Salaires des fonctionnaires : pas de dégel du point, du « sur-mesure » selon Amélie de Montchalin

Rémunération

La nouvelle ministre de la Transformation et de la Fonction publiques, Amélie de Montchalin, n’a annoncé aucun dégel du point d’indice lors de son premier rendez-vous salarial avec les syndicats de fonctionnaires vendredi 24 juillet 2020, préférant faire du « sur mesure » avec des actions ciblées sur les bas salaires et les inégalités femmes-hommes.

Lors d’un point presse à l’issue de la réunion, la ministre a souligné que « le contexte de la crise du Covid-19 nous oblige à être efficaces et concentrés et à répondre en priorité aux questions urgentes ».

C’est ainsi que le « Ségur » a débloqué 8,2 milliards d’euros pour les salaires des personnels hospitaliers, soit au total à 1,8 million de salariés. Les pompiers (prime de feu), les policiers et les chercheurs ont également bénéficié de mesures spécifiques. La ministre a écarté toute mesure générale, observant que « l’augmentation du point d’indice valorise beaucoup la catégorie A et très peu la C » (la moins bien dotée).

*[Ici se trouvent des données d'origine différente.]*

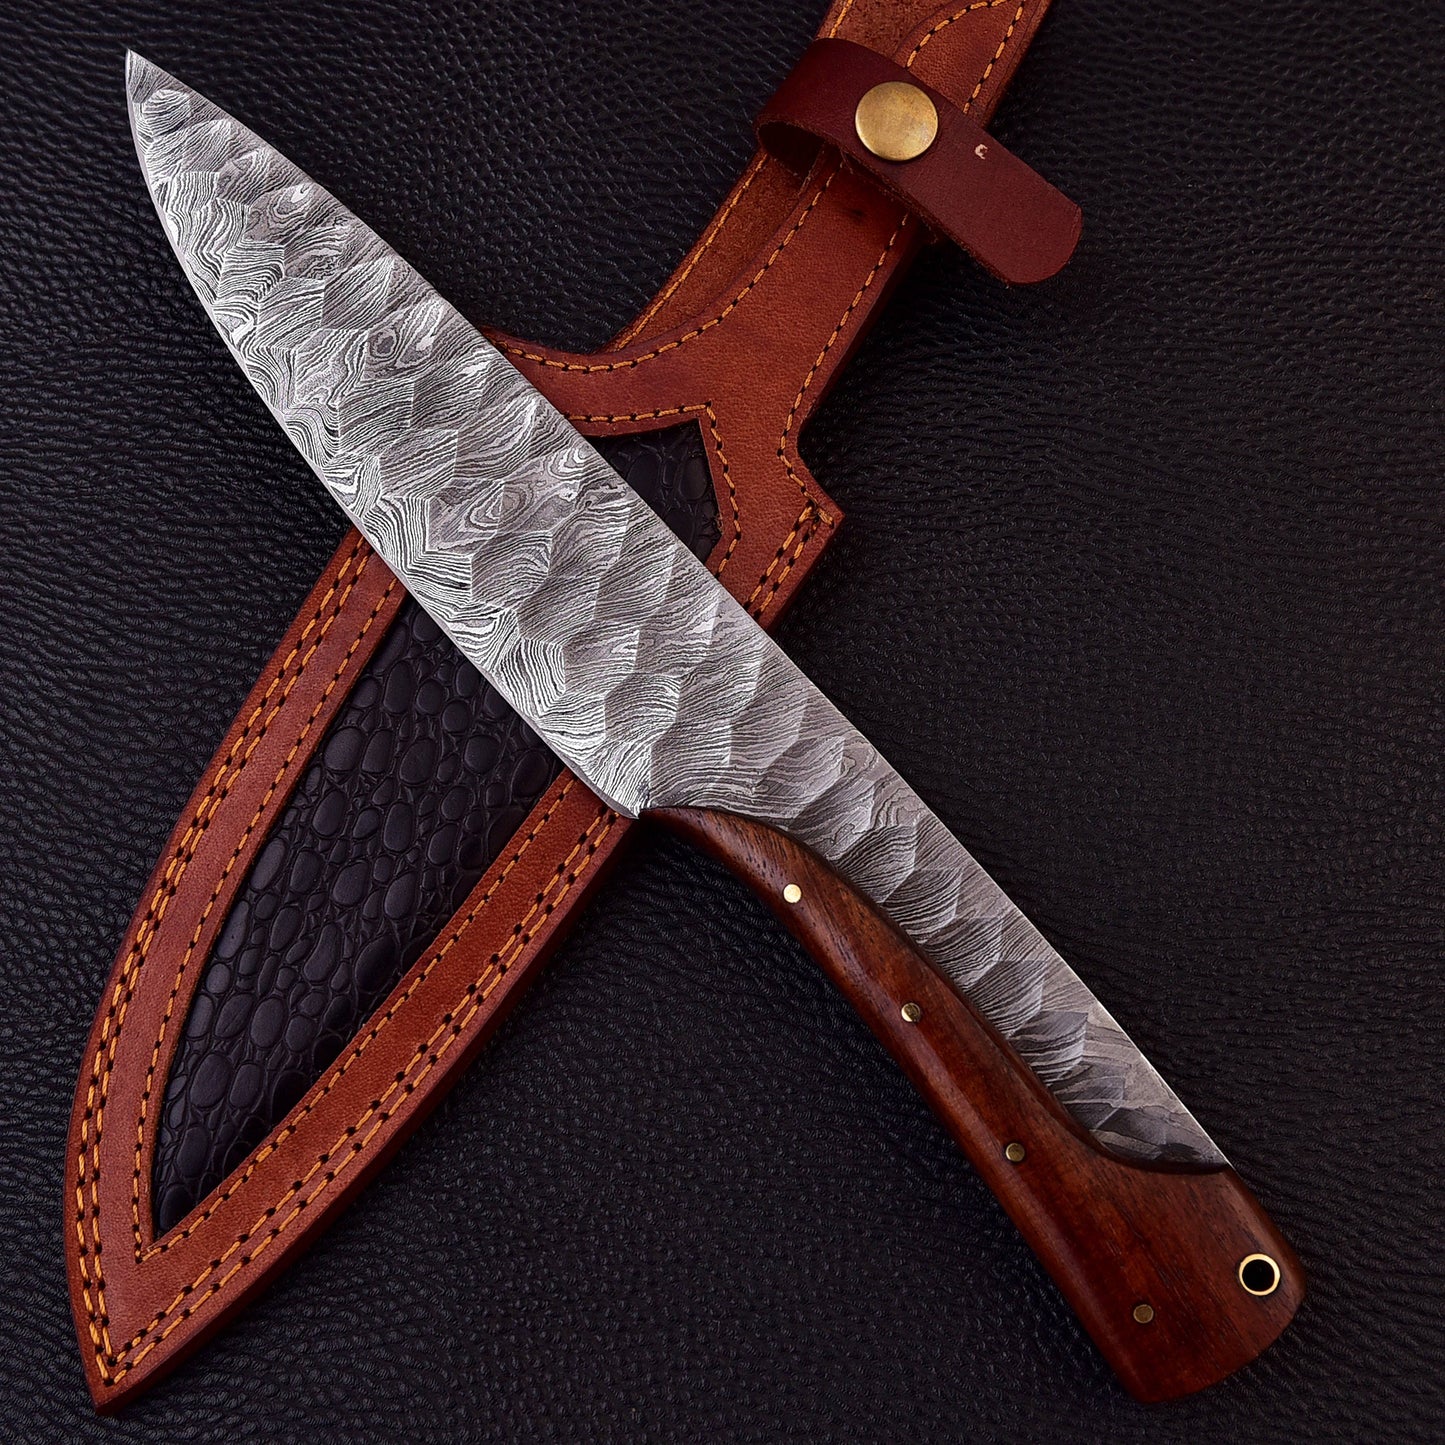 12" Ridged Unique Handle Damascus Steel Bowie Knife - Hunting or Camping Fixed Blade Full-Tang Drop Point Handmade Bowie Gift for Him

La CGT dénonce un « manque d’ambition », FO exprime une « déception immense », et même les réformistes CFDT et Unsa jugent « très insuffisantes » les mesures annoncées au regard de l’enjeu.

Le salaire net moyen dans la fonction publique d’État a baissé de 1,2 % en 2018 selon une analyse de l’Insee publiée en début de semaine. Tous statuts confondus, le salaire net moyen des agents de l’État s’élevait à 2 573 euros par mois en 2018, en baisse de 1,2 % en euros constants par rapport à 2017.

Cette baisse du pouvoir d’achat des fonctionnaires s’explique par le regain d’inflation en 2018, mais aussi par l’absence de revalorisation du point d’indice (à l’exception des 0,6 % de juillet 2016, puis de février 2017 sous le quinquennat Hollande). Elle est aussi due au gel pour une année du protocole sur les parcours, carrières et rémunérations (PPCR) et au rétablissement du jour de carence.

La ministre a annoncé à cet égard que le PPCR serait mené à bien en 2021 (soit 550 millions d’euros de dépenses après 850 millions en 2020).

Elle a également assuré reconduire la garantie individuelle de pouvoir d’achat (GIPA) « jusqu’à la fin du quinquennat » et pris l’engagement que l’indemnité compensatrice de la hausse de la CSG serait « dynamique et pérenne ».

La ministre entend lancer à l’automne le « chantier » de la complémentaire santé et prévoyance des fonctionnaires. Contrairement aux salariés du privé, qui bénéficient d’une mutuelle prise en charge au moins pour moitié par l’employeur, cette participation est facultative, et lorsqu’elle existe très faible dans la fonction publique.

Amélie de Montchalin promet enfin de mener une « expertise » pour mettre fin aux inégalités de traitement de filières très féminisées et mal dotées, comme celles des bibliothécaires, des médecins du travail ou des éducateurs du ministère de la Justice.

La ministre veut rendre plus attractifs les postes de fonctionnaires en région, en rapprochant les primes entre Paris et les territoires.